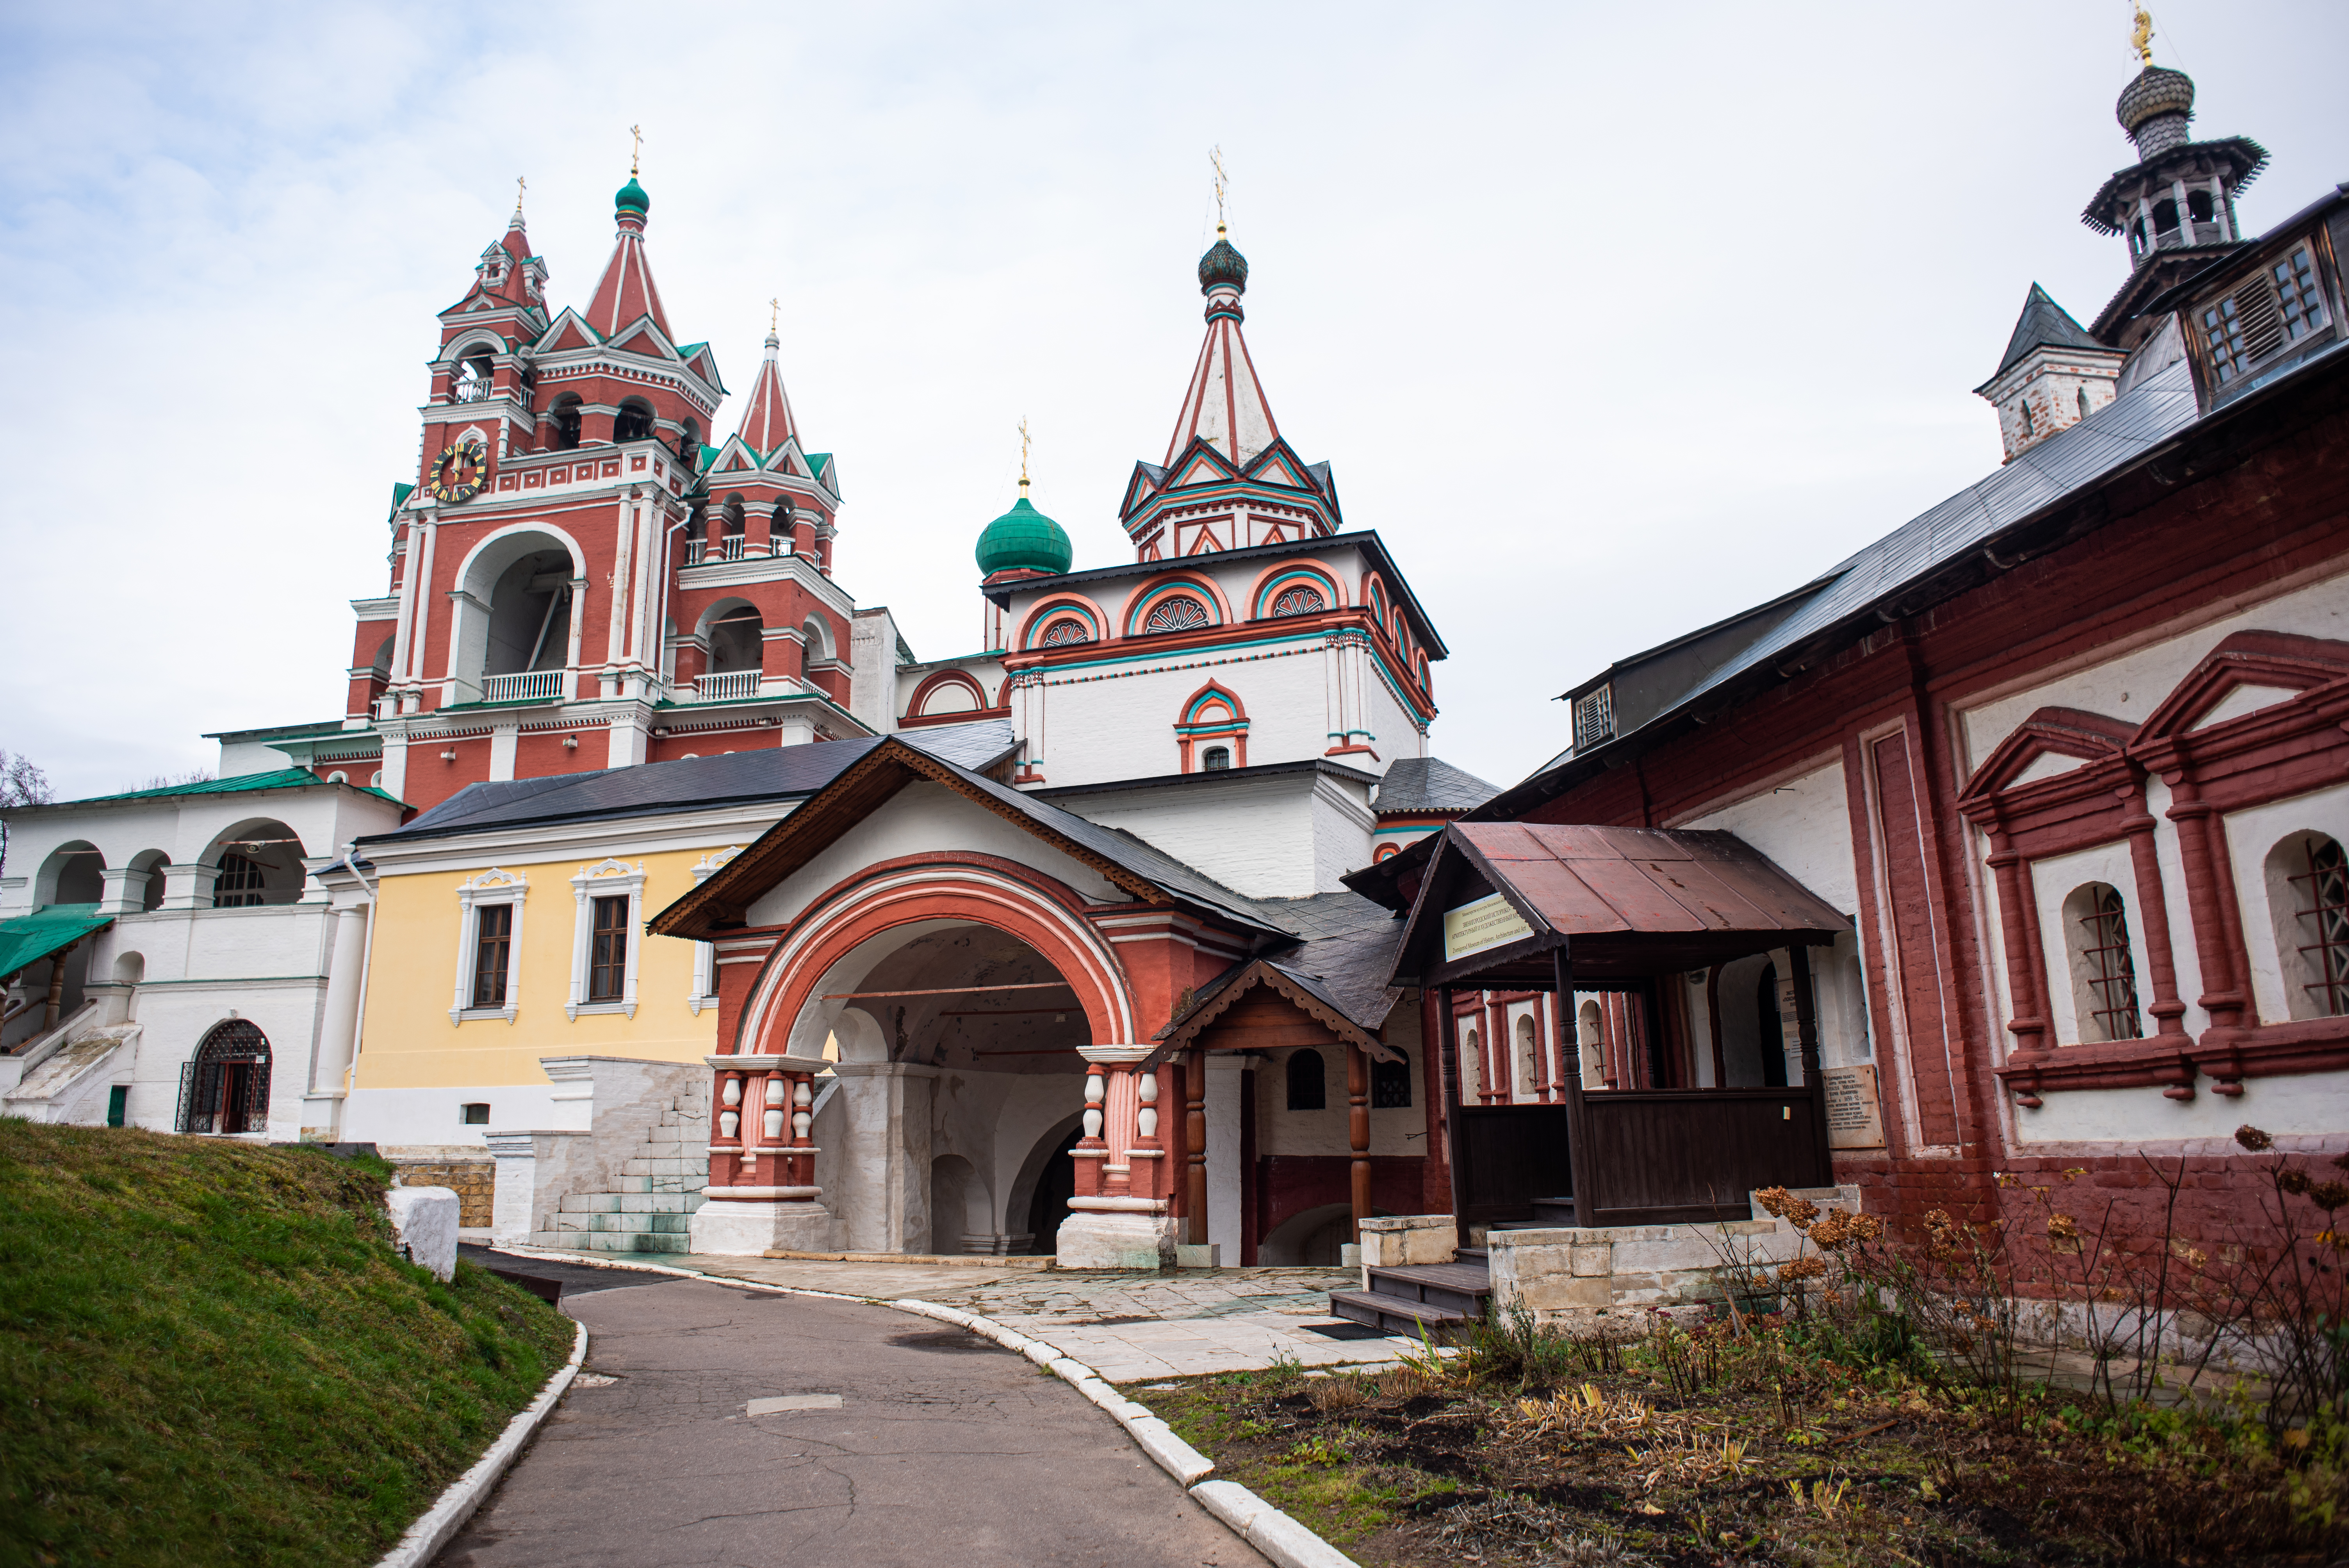 Саввино-Сторожевский монастырь был основан в 1398 году монахом Саввой, учеником преподобного Сергия Радонежского
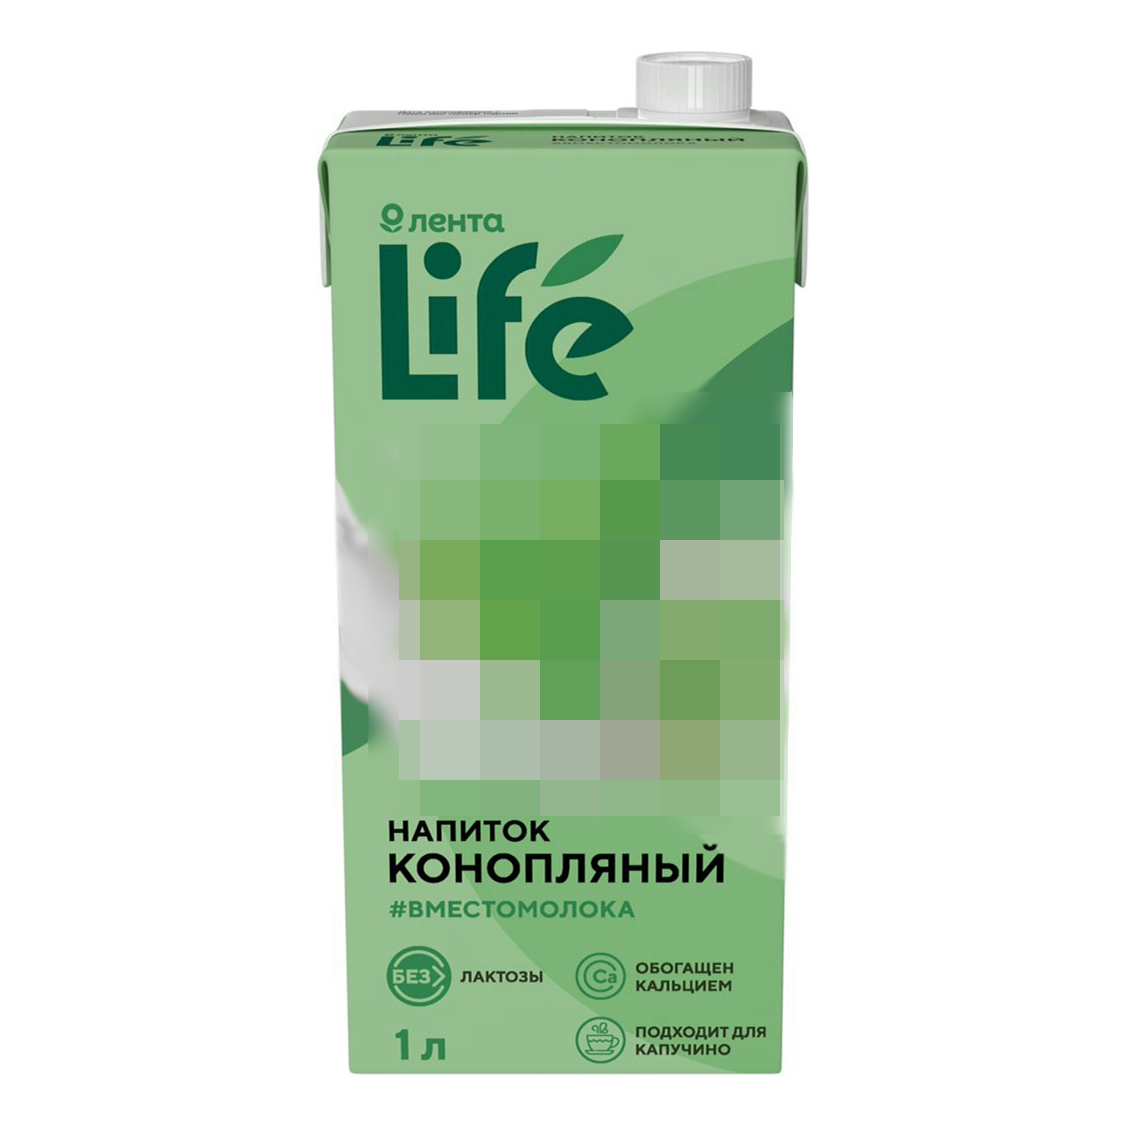 Напиток конопляный Лента Life 3,5% 1 л
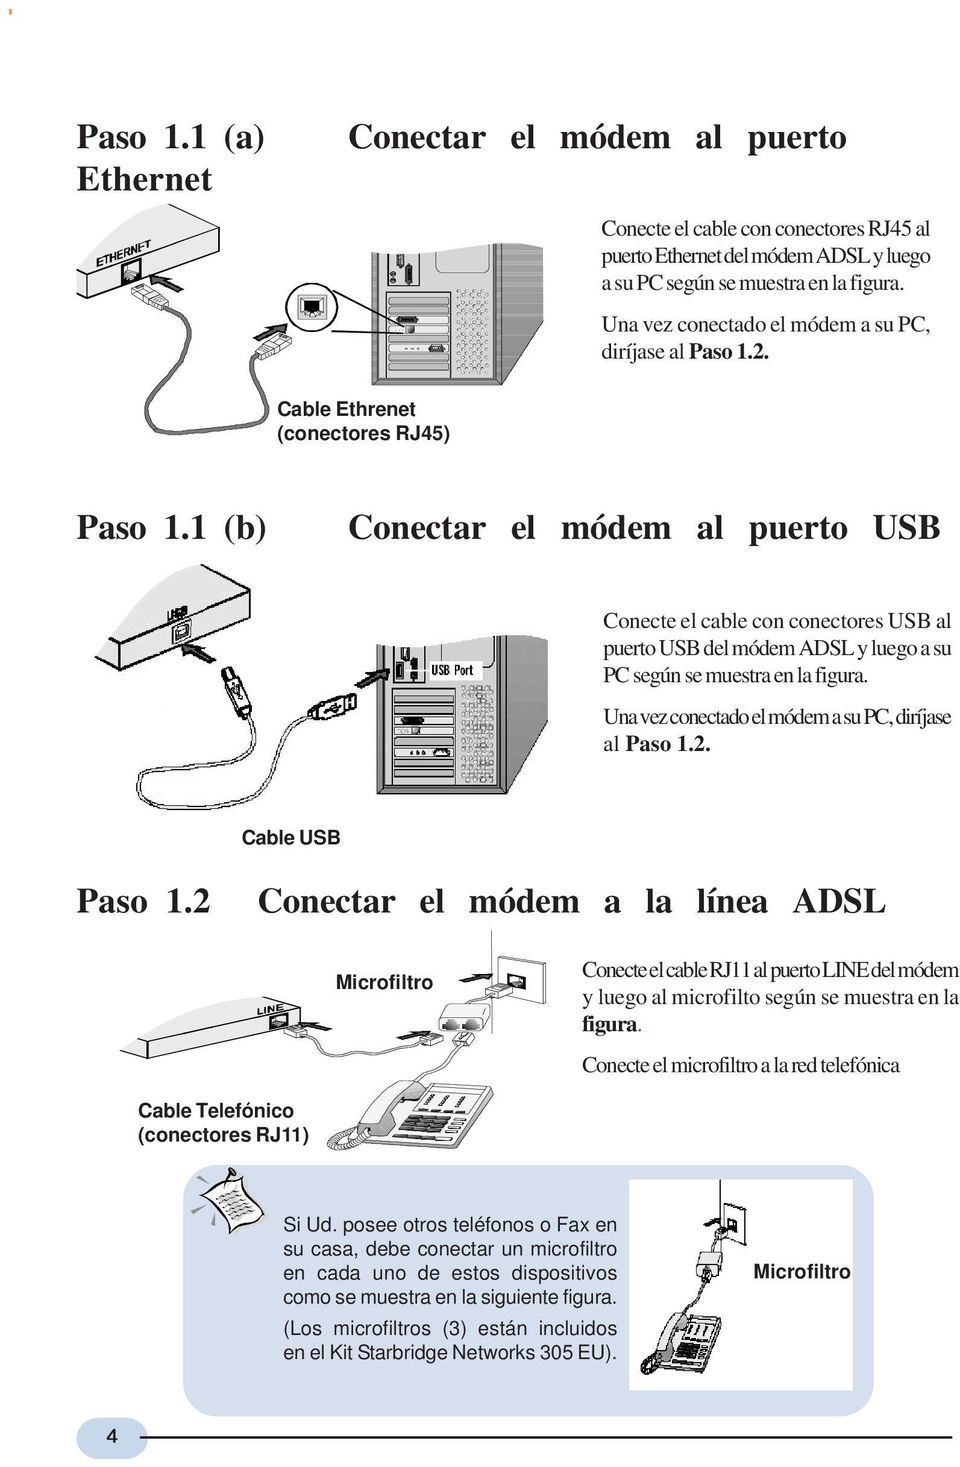 1 (b) Conectar el módem al puerto USB Conecte el cable con conectores USB al puerto USB del módem ADSL y luego a su PC según se muestra en la fgura.

* Your objective *
Starting with the top line, write out all the data above exactly; keep the pictures out.

* Problem solution *
 Саввино-Сторожевский монастырь был основан в 1398 году монахом Саввой, учеником преподобного Сергия Радонежского
 Напиток конопляный Лента Life 3,5% 1 л
 1 (b) Conectar el módem al puerto USB Conecte el cable con conectores USB al puerto USB del módem ADSL y luego a su PC según se muestra en la fgura.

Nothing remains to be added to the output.